A man who built a barn and transformed the inside into a luxury home against planning rules has been told to strip it back to its intended use.
An appeal hearing before a Government appointed planning inspector heard David Bonsall had renovated and kept the building in a ‘clandestine manner’ to disguise its use as a home.
He first applied to Rotherham Council to build a dwelling on land off Common Lane, Thorpe Salvin, in 1988. It was refused but a subsequent appeal decision granted permission for a barn, not a dwelling.
A complex web of planning applications and refusals followed. And in 2012 his application for ‘existing use as a dwelling’ was refused.
But it alerted the authorities that the barn was being lived in.
What they found, screened from public view behind a shroud of woodland, hedging and high gates, was a windowless luxury home with three bedrooms and four bathrooms.
“Mr Bonsall knew he needed planning permission to use the barn as a dwelling and knew it was unlikely to be granted,” said planning inspector Brian Rogers.
“...as an intelligent, well-qualified and inventive man, it is highly likely that he developed a strategy for minimising his risk that his residential use of the building would be discovered.”
The hearing heard that Mr Bonsall never registered the property with a postal address, for Council Tax or onto the electoral roll.
It is thought building work was done at night and he did not install water or electricity supplies, instead sharing with the adjacent stables.
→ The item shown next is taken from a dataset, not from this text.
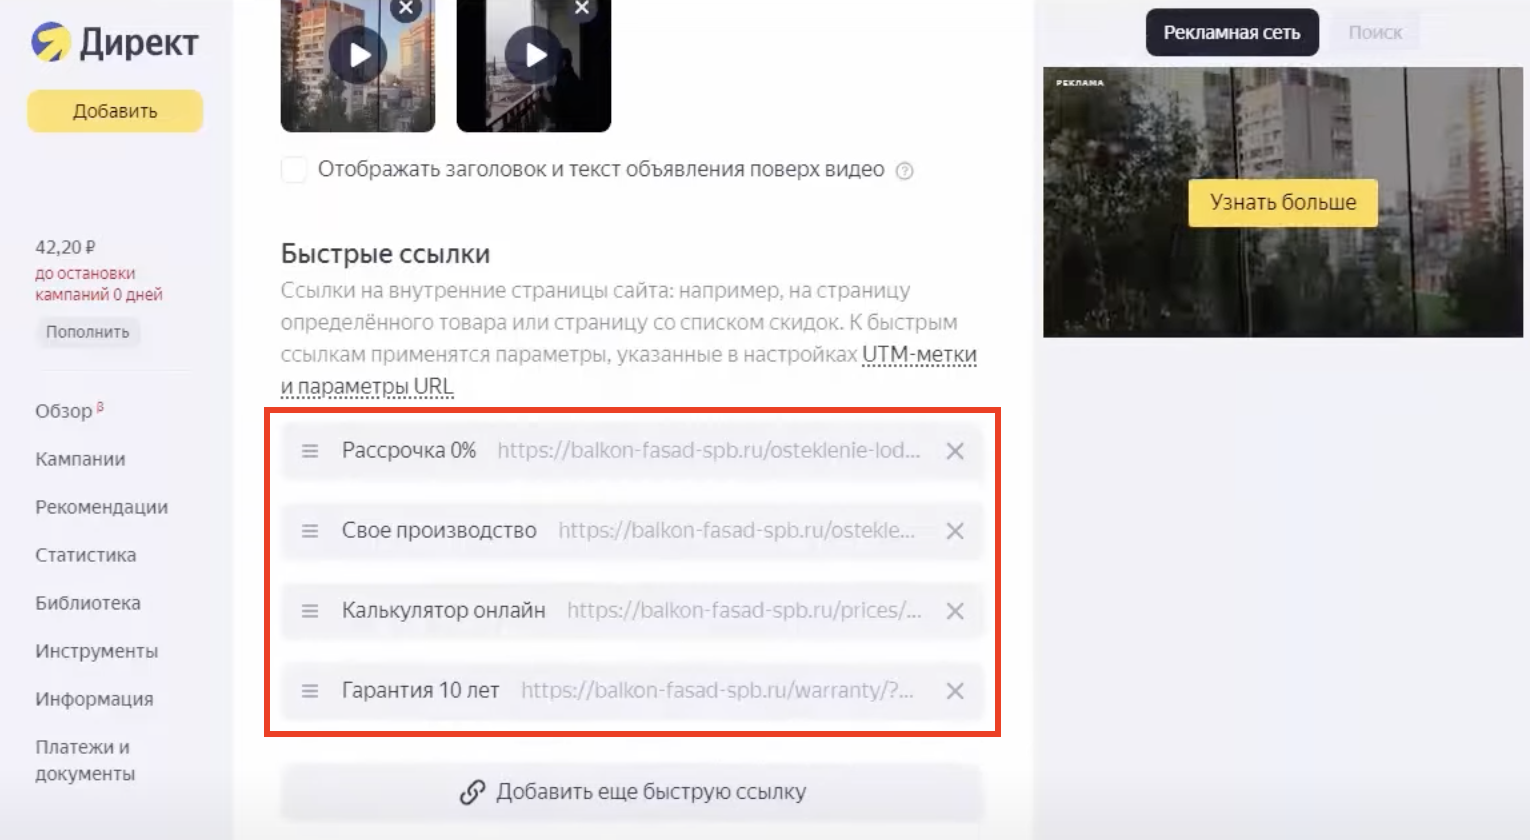 Мастер кампаний в Яндекс.Директ: как настроить + чек-лист

Visitors to the barn were even asked to park half a mile away at the village pub, so as not to attract attention.
The inspector upheld Rotherham Council’s notice that Mr Bonsall must cease residential use and remove all domestic fixtures and fittings within 26 weeks.
A council spokesman said: “Planning regulations are there for a reason.”
“We believe this was an underhand way of obtaining residential accommodation within the green belt.”